▶ **Exercise data**:
════════════════════

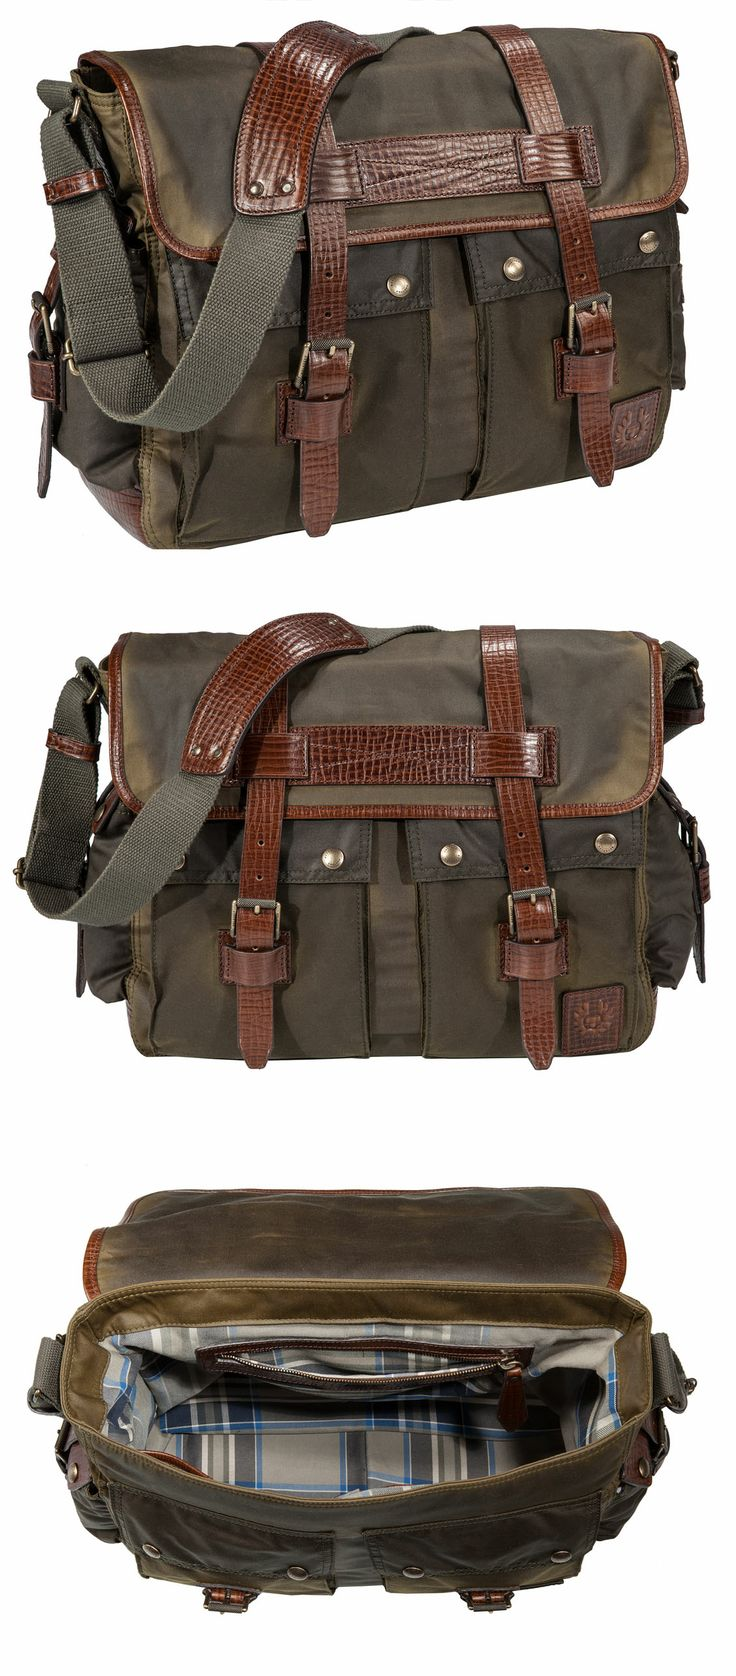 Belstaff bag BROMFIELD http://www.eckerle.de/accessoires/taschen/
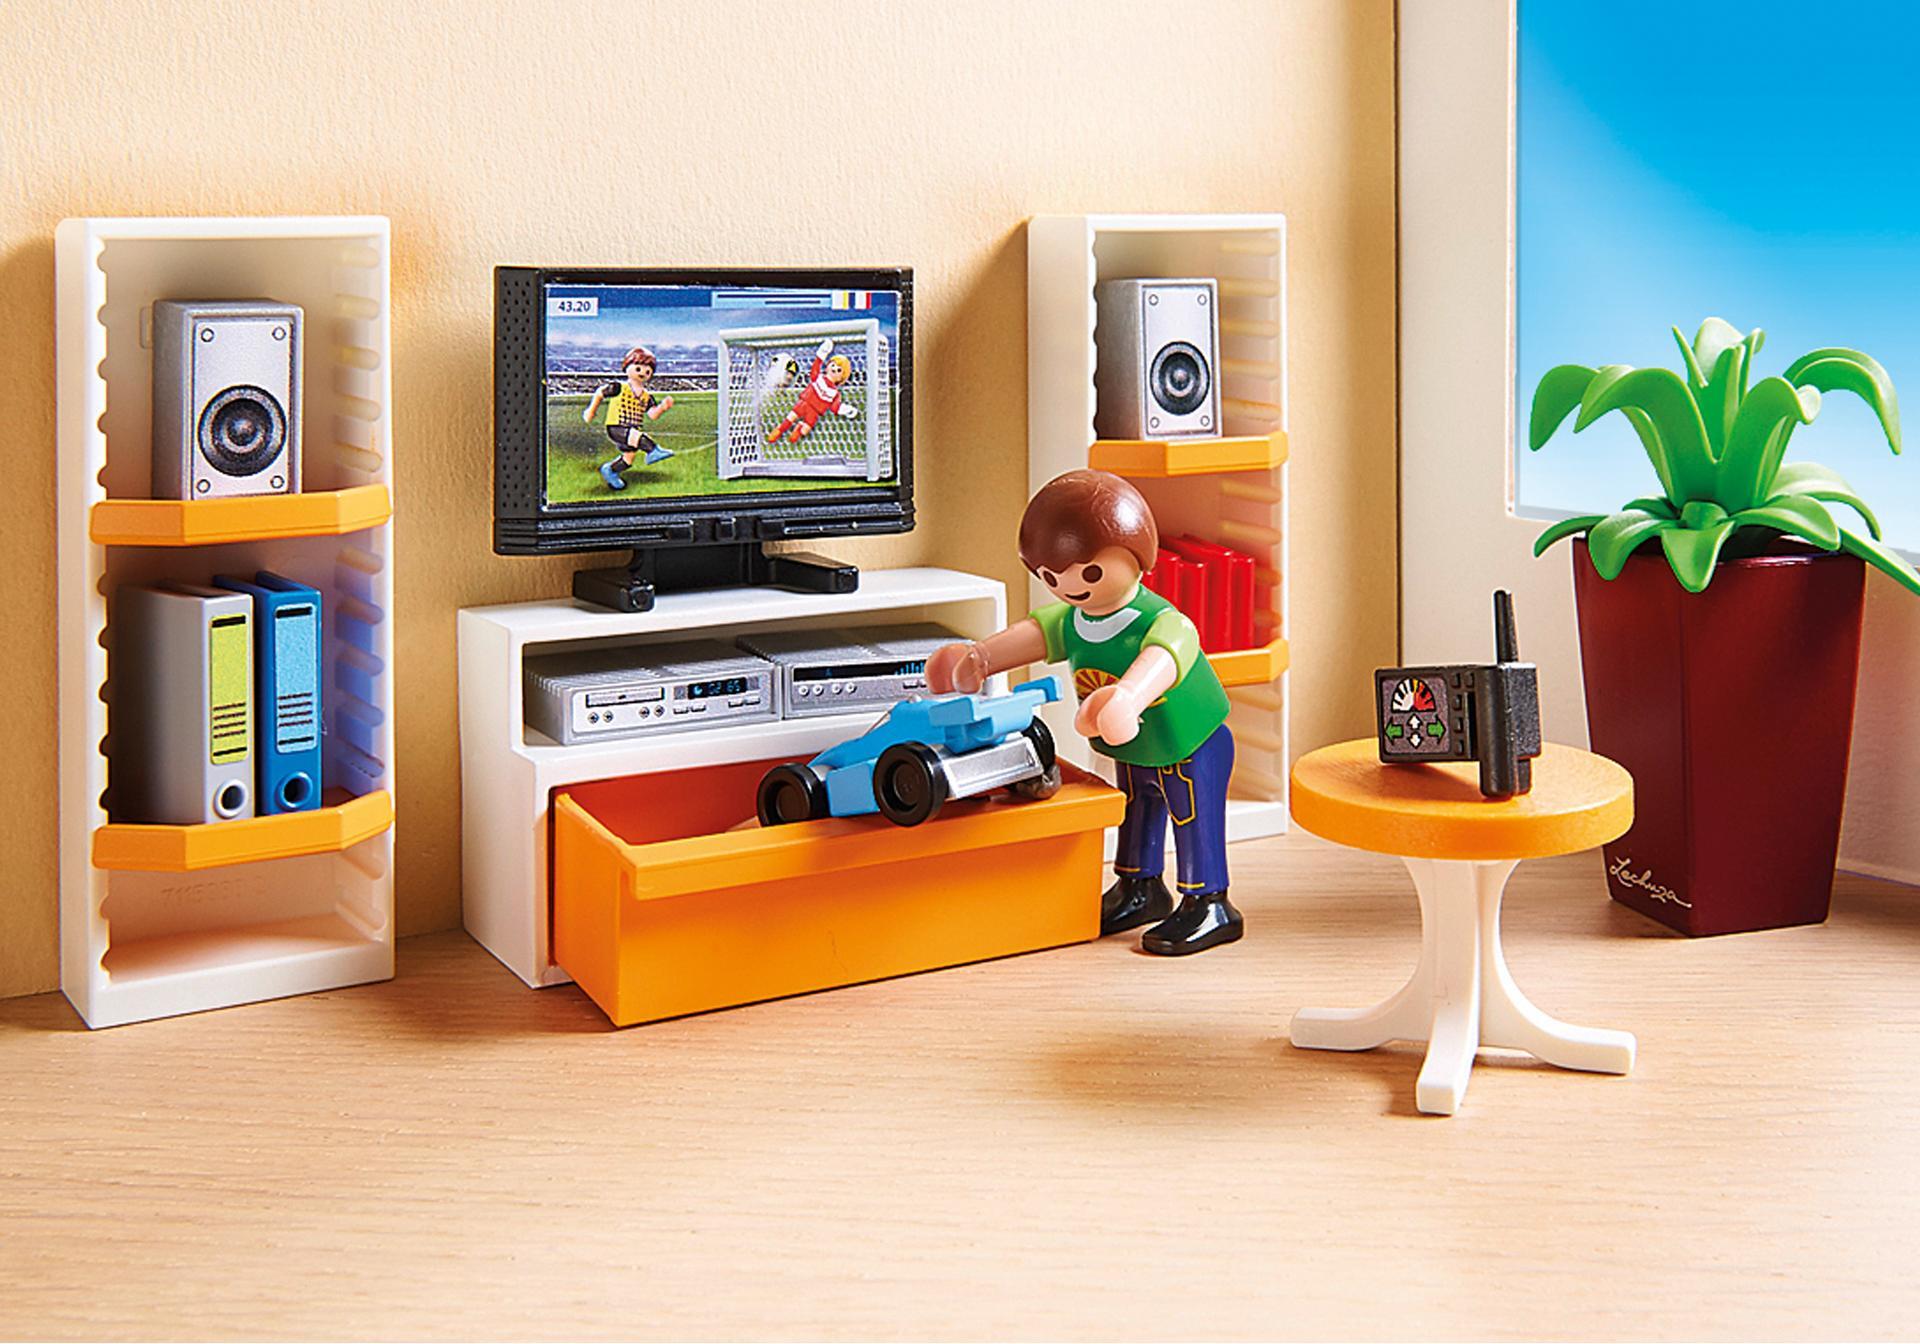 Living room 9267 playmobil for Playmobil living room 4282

════════════════════

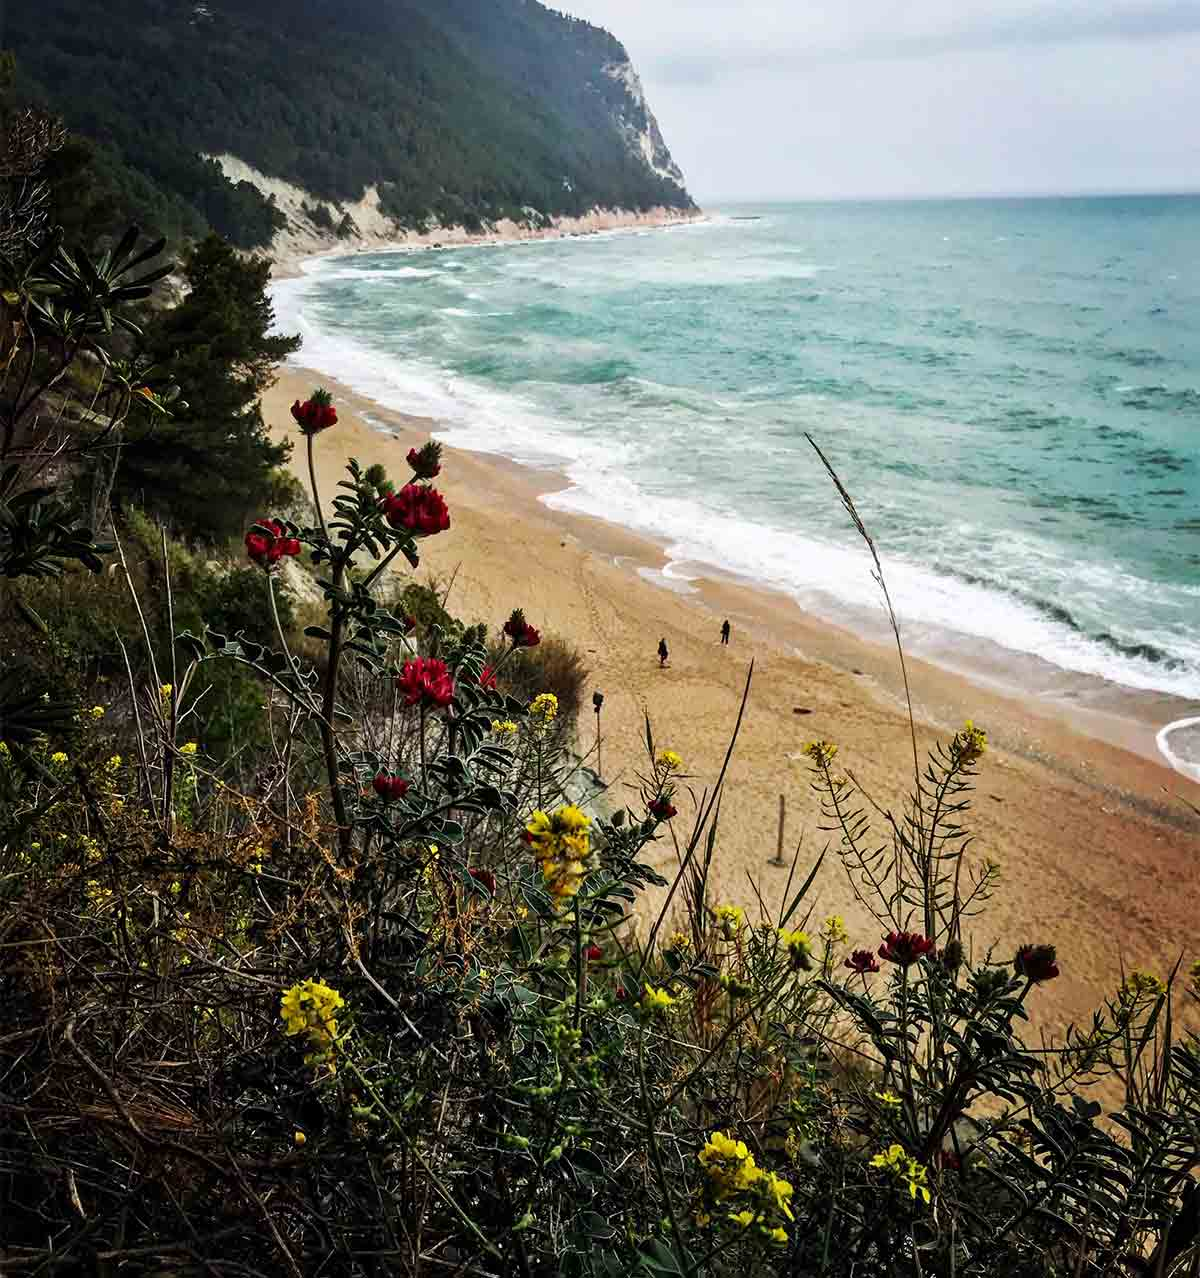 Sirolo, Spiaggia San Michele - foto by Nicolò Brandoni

════════════════════

▶ **What you need to do**:
Take the material above from the line containing "Belstaff bag BROMFIELD" up to and including the line containing "Living room 9267" and retype it exactly, without any pictures.

▶ **Written answer**:
 Belstaff bag BROMFIELD http://www.eckerle.de/accessoires/taschen/
 Living room 9267 playmobil for Playmobil living room 4282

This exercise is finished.